**Dataset extract**
####
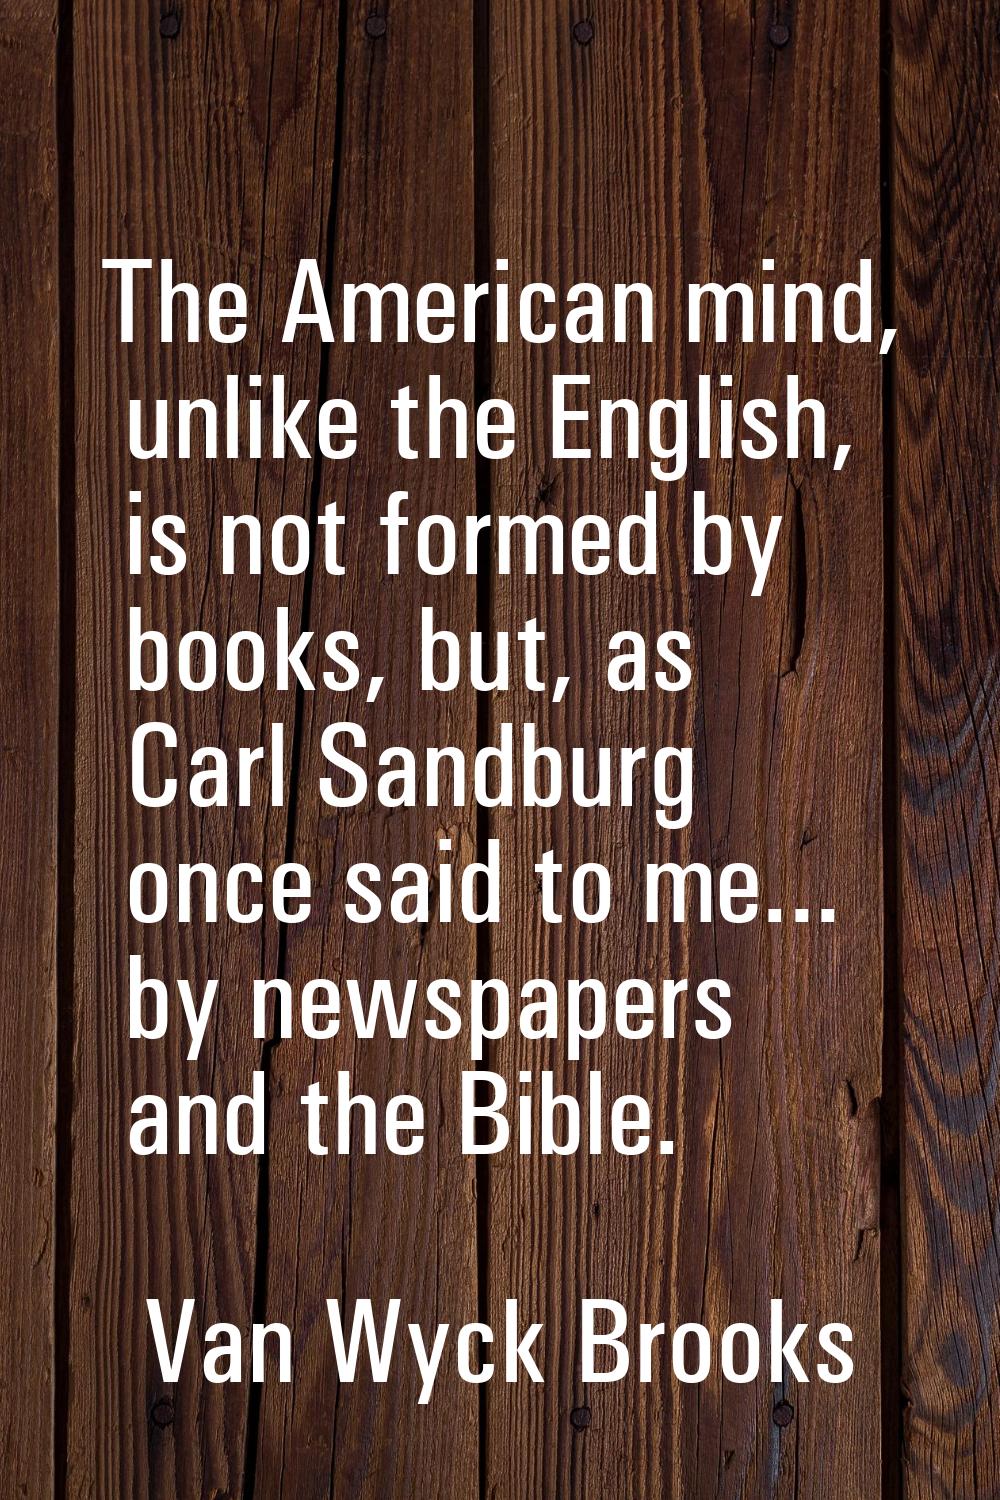 The American mind, unlike the English, is not formed by books, but, as Carl Sandburg once said to m
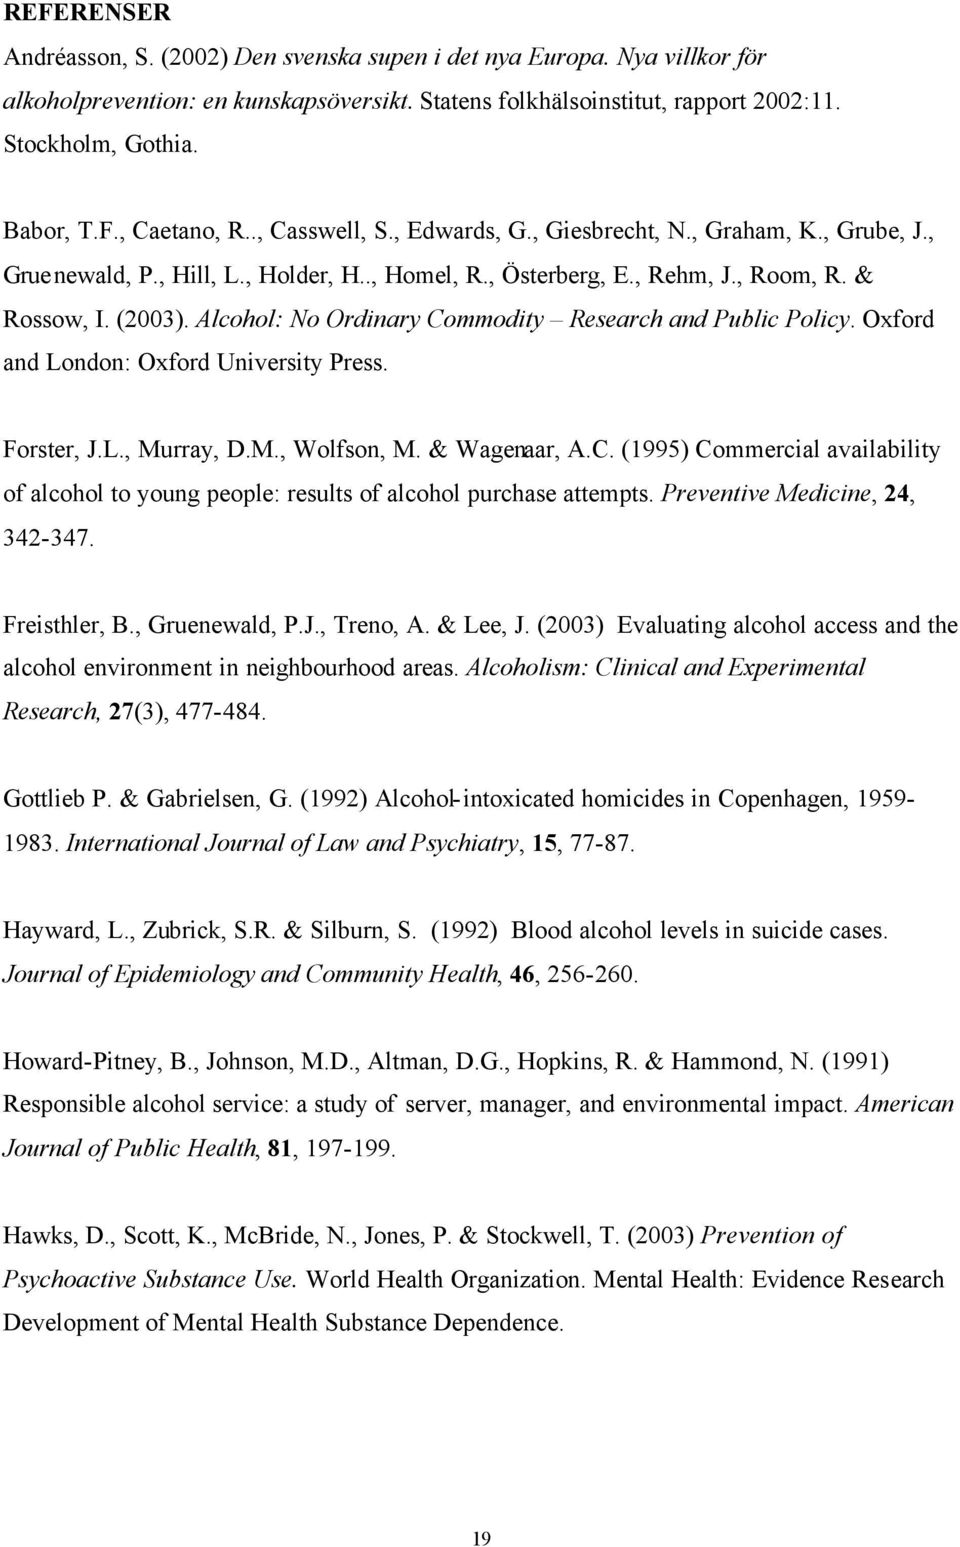 Alcohol: No Ordinary Commodity Research and Public Policy. Oxford and London: Oxford University Press. Forster, J.L., Murray, D.M., Wolfson, M. & Wagenaar, A.C. (1995) Commercial availability of alcohol to young people: results of alcohol purchase attempts.
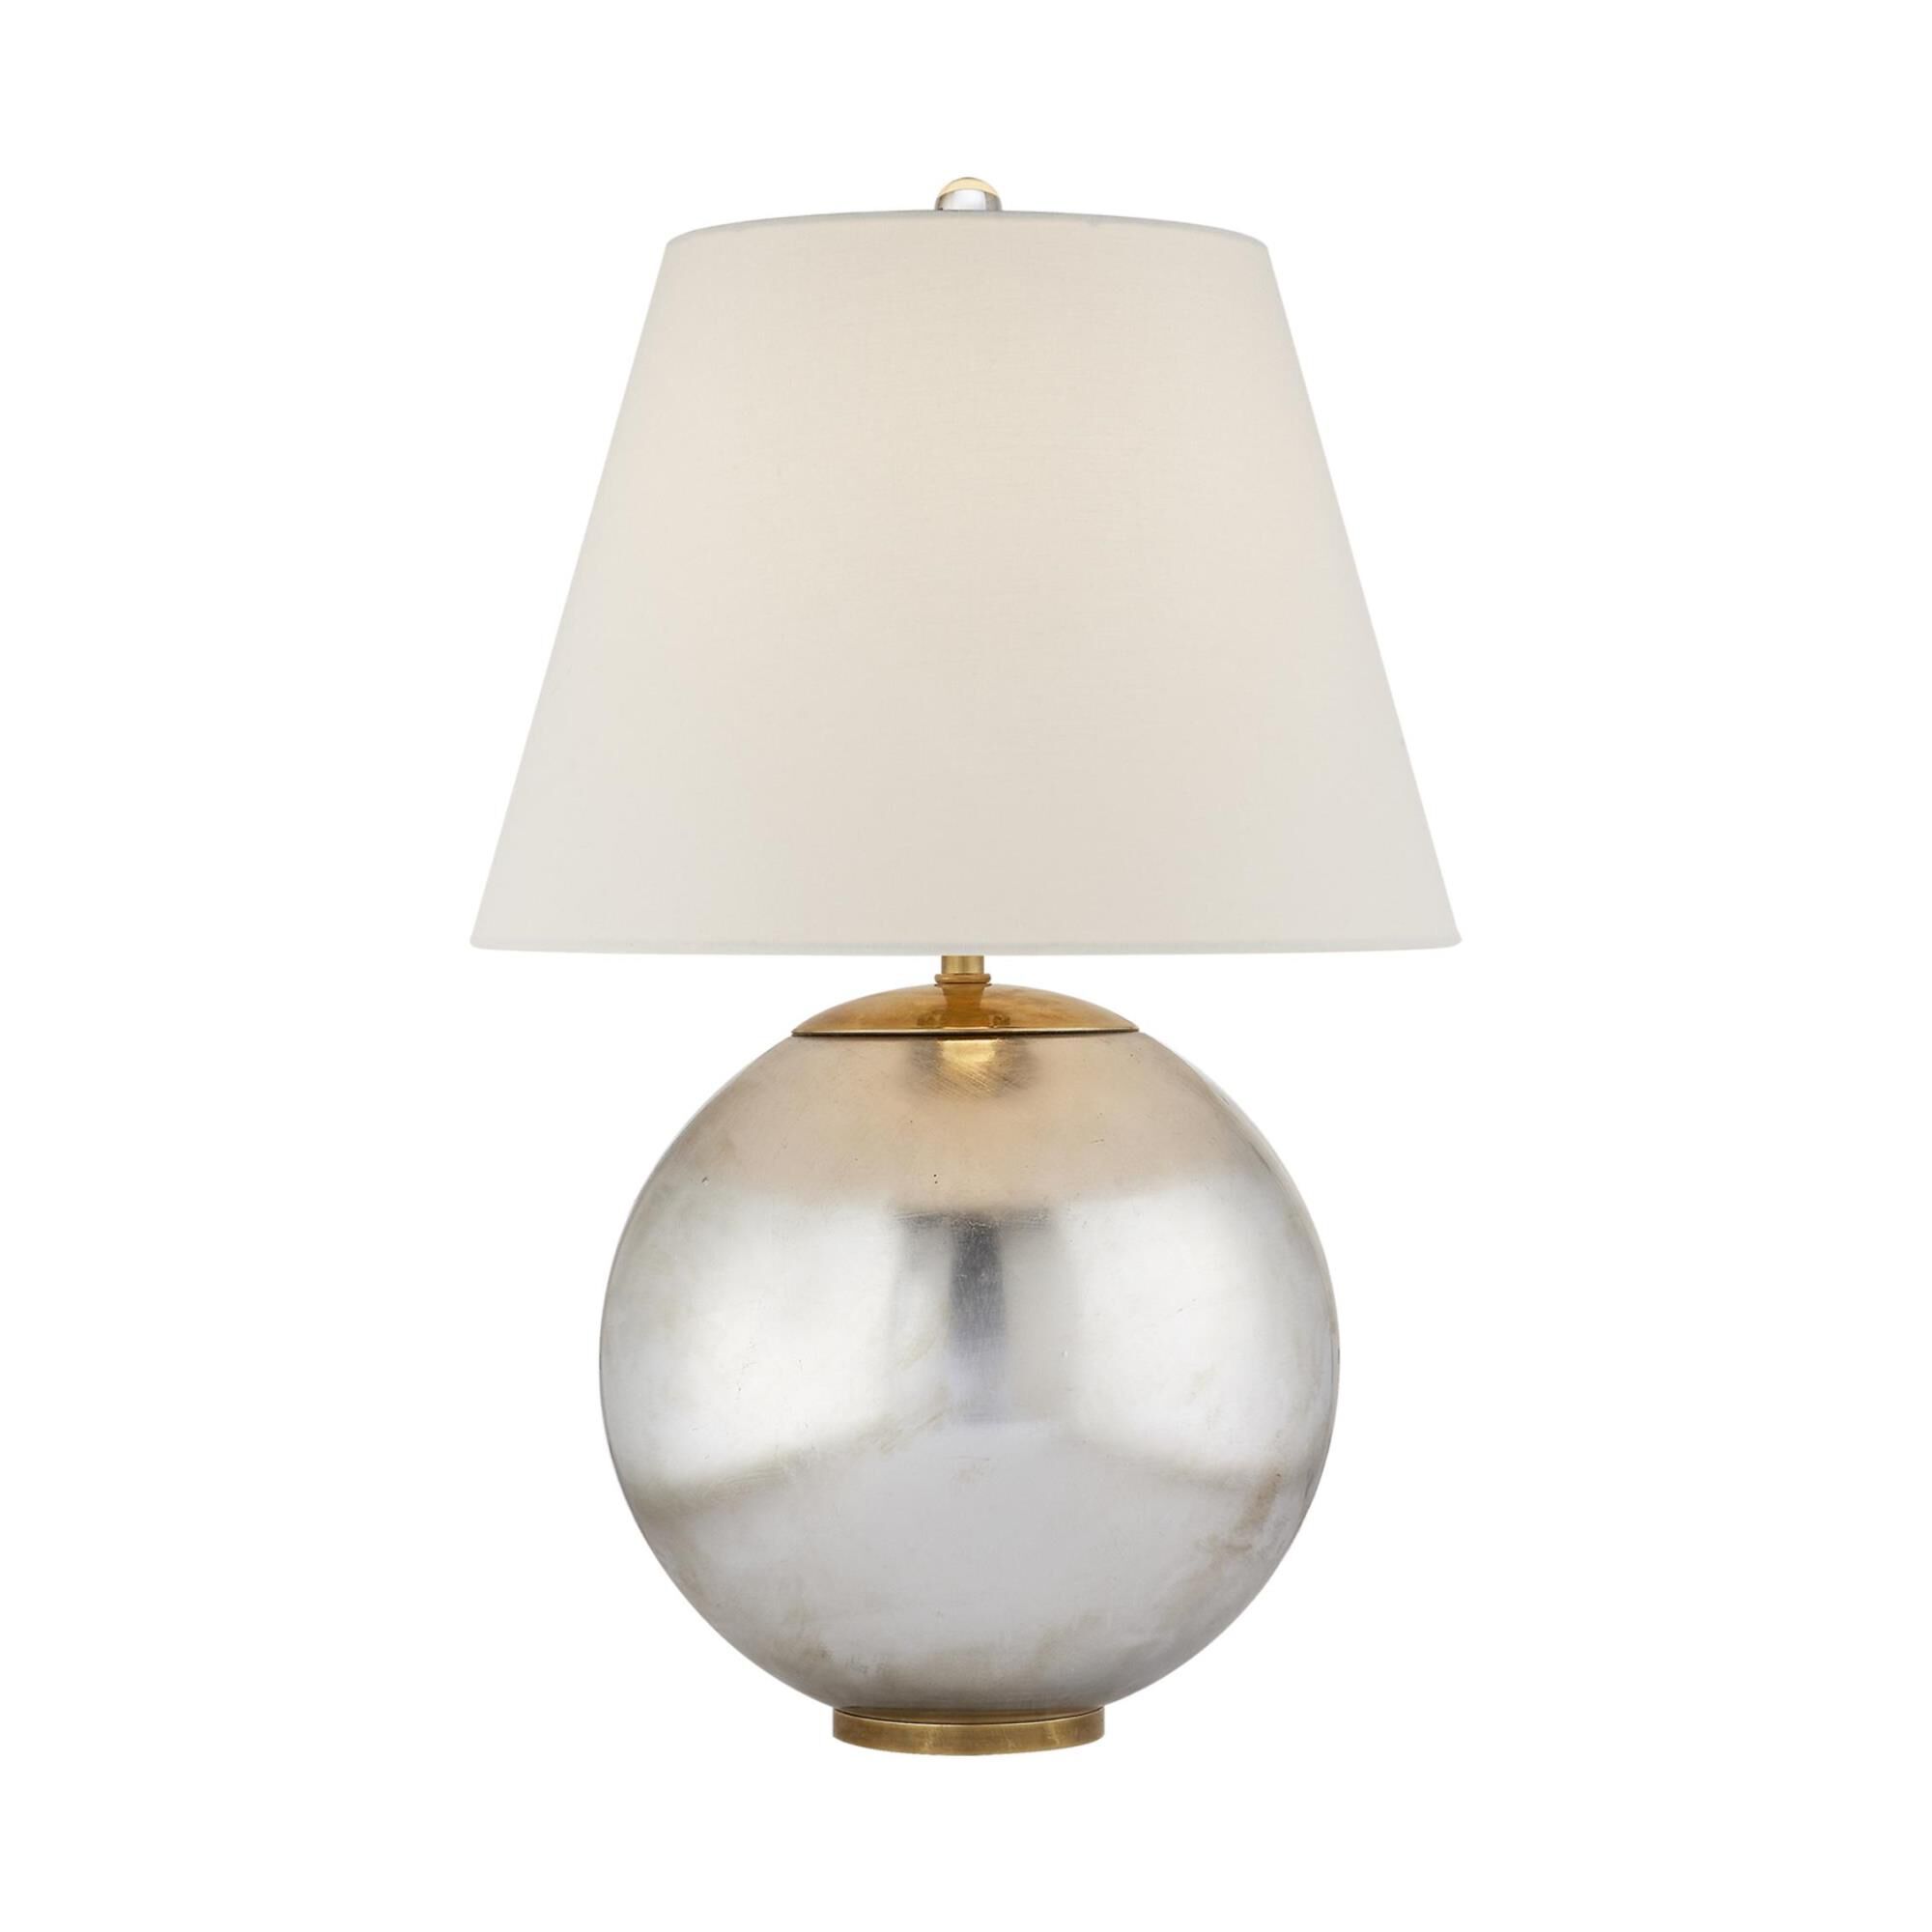 Aerin Morton 24 Inch Table Lamp by Visual Comfort and Co. | Capitol Lighting 1800lighting.com
####
**What needs to be done**
Quote the material in full and exactly; do not carry over its pictures.

**Response to the task**
 The American mind, unlike the English, is not formed by books, but, as Carl Sandburg once said to m
 Alcohol: No Ordinary Commodity Research and Public Policy. Oxford and London: Oxford University Press. Forster, J.L., Murray, D.M., Wolfson, M. & Wagenaar, A.C. (1995) Commercial availability of alcohol to young people: results of alcohol purchase attempts.
 Aerin Morton 24 Inch Table Lamp by Visual Comfort and Co. | Capitol Lighting 1800lighting.com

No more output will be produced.